According to this effect, novices are unaware of their own skill deficiencies wherein
the least competent are more likely to overestimate their level of performance [32]. Accurate self-assessment requires appropriate external standards for measuring
one’s performance and the ability to judge the extent to which one’s own performance
meets those standards. Providing novices with a video of their own performance as
well as a benchmark performance likely enhances self-assessment accuracy as it provides
trainees with high-quality data which they can use to interpret their own performance
and compare it to an explicit standard.
This study has several limitations. First, we used the GiECAT GRS to evaluate EGD
performance, as there are no EGD-specific assessment tools with strong validity evidence.
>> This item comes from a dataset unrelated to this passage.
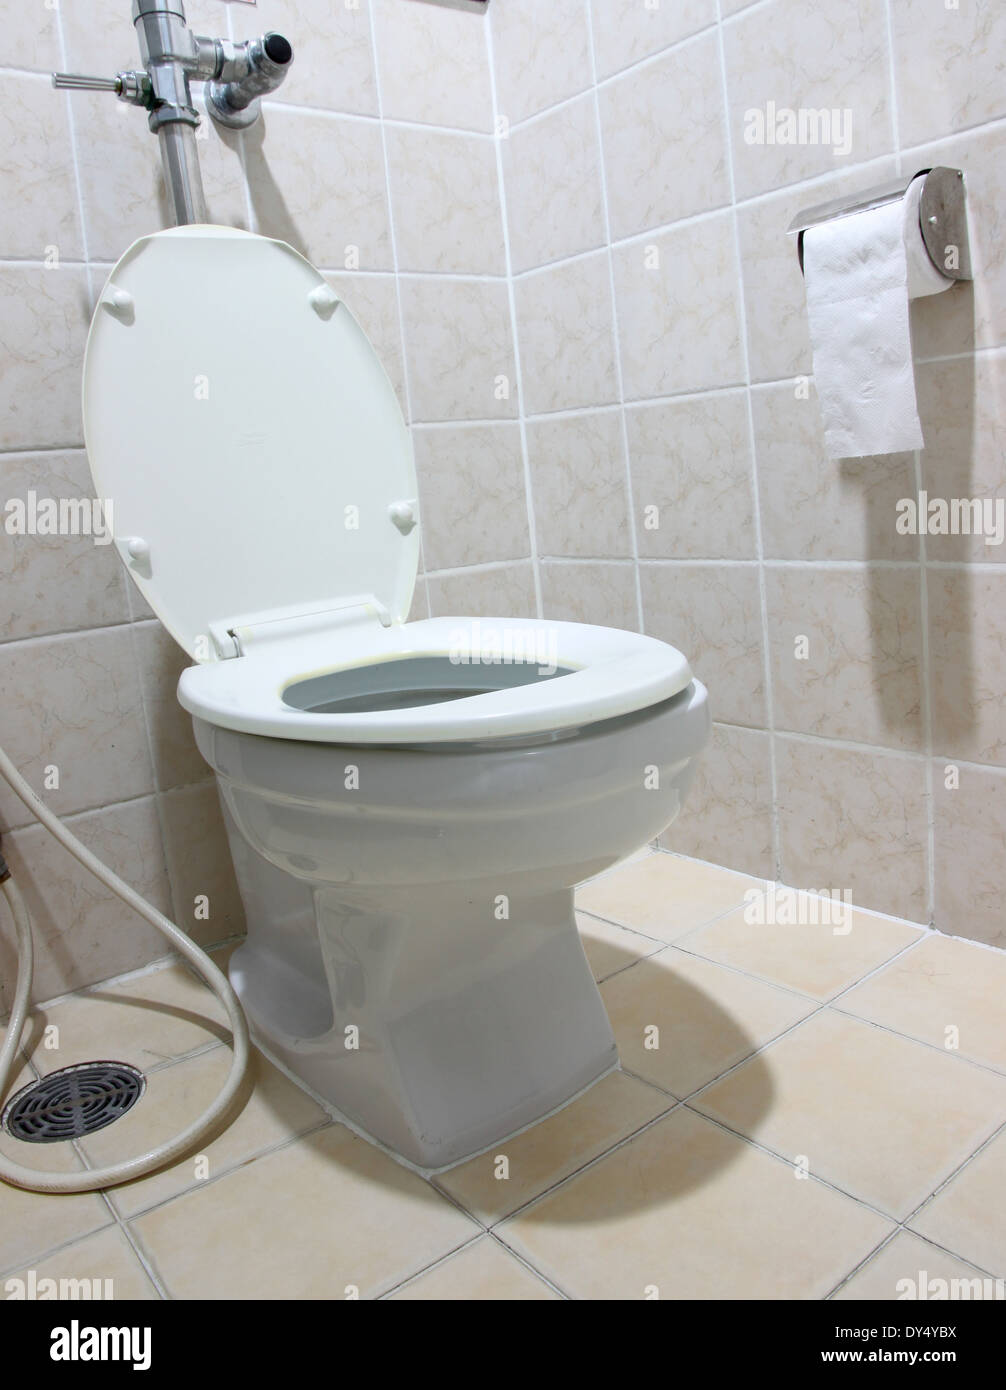 Toilettes à chasse d'eau blanche et le papier toilette dans une salle de bains. Banque D'Images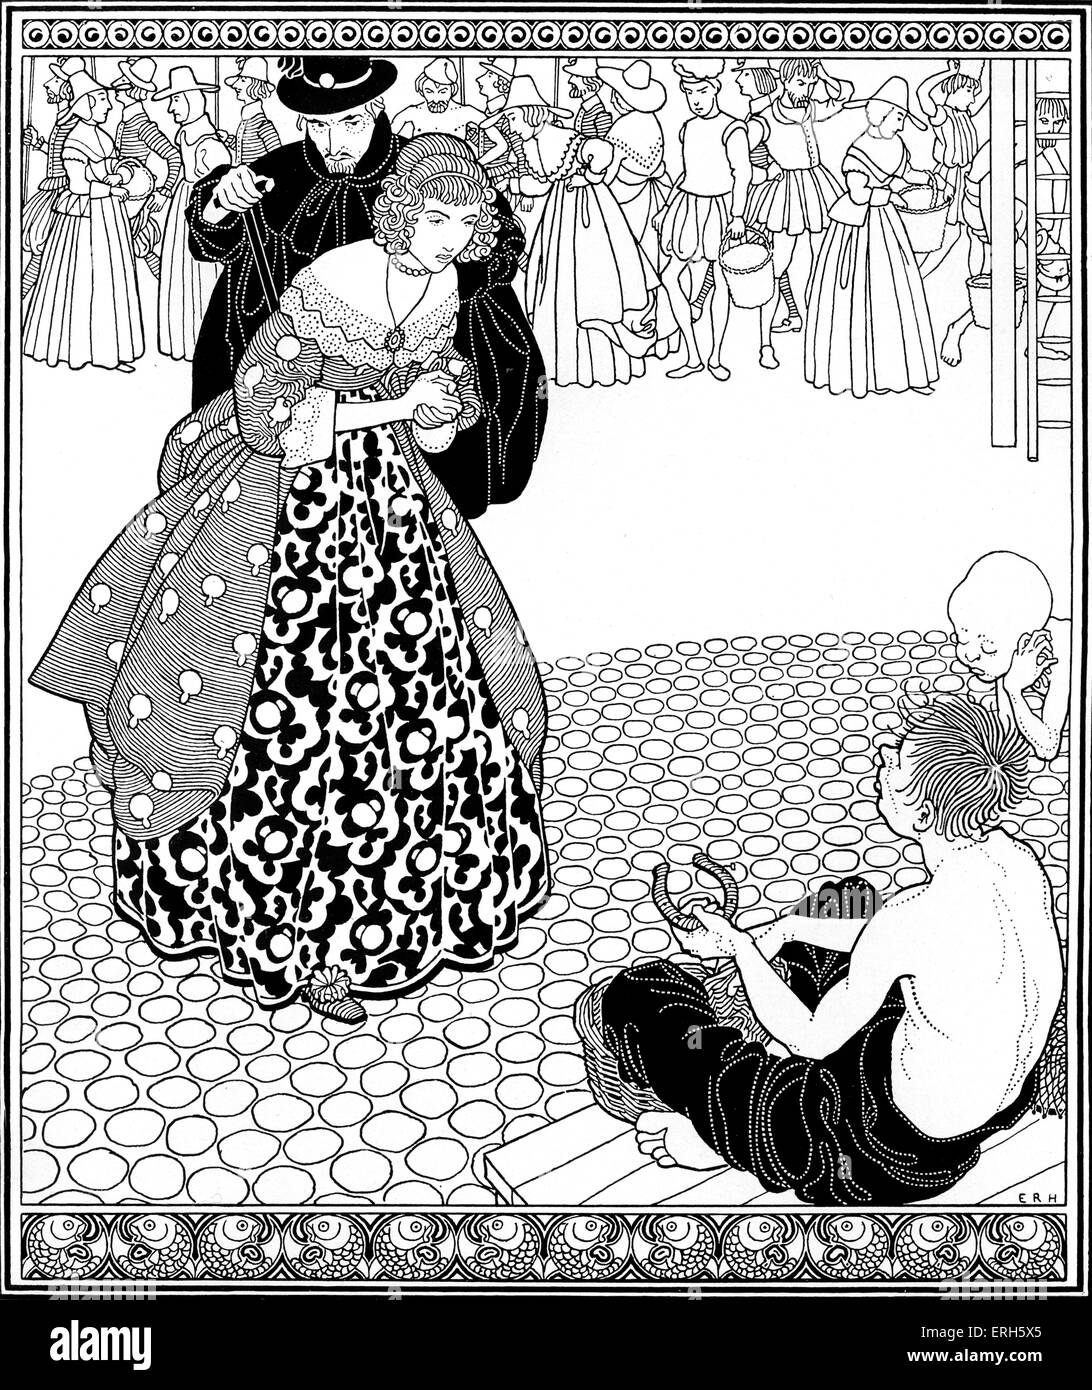 Das arme Ding von Stevenson, Illustration von E. R. Herman (Datum unbekannt). Von "Fabeln" von RL Stevenson, Stockfoto

Although the GiECAT GRS has been validated for use in colonoscopy, it is lacking comprehensive
evidence of validity for EGD [17]. In addition, we did not use a control group (i. e. no video intervention), so we
are unable to determine if participants’ self-assessment accuracy would have improved
over time with no intervention. A previous study, however, suggested that a control
group would show no improvement [8]. Finally, our study evaluated the self-assessment accuracy of participants within
a single day. It is possible that differences between groups would change over a longer
observational period.
Overall, video-based interventions can improve accuracy of self-assessment of endoscopic
competence among novices. In particular, benchmark performances in combination with
a self-video review, may help to better inform these assessments. There are several
implications of our findings. First, video-based interventions may be integrated into
existing endoscopic training curricula [18]
[19]
[33] to facilitate recognition of performance deficits among novices. Video-recording
has demonstrated benefits as a tool for external assessment and debriefing [34], and, based on our findings, it may also be used to improve learning by promoting
accurate self-assessment. Ensuring trainees have accurate perceptions of their endoscopic
competence may facilitate their learning as several studies in the educational literature
have demonstrated that trainees are more receptive to feedback and more likely to
uptake external feedback if it aligns with their self-perception [35]
[36].
Conclusion
Research has shown that it is critical for trainees to have an accurate perception
of their abilities as their own opinions, as opposed to external assessments, predominately
influence the generation of learning goals [36]. An online compendium of benchmark videos for major endoscopic procedures that feature
a variety of presentations and techniques would be a useful resource for novices.
The American Society for Gastrointestinal Endoscopy’s extensive database of videos
could be updated to include annotations of key aspects of the performance in reference
to an assessment standard to facilitate self-assessment. Future studies are required
to investigate video-based interventions targeting other endoscopic procedures and
evaluate their impact on self-assessment accuracy over a longer time period.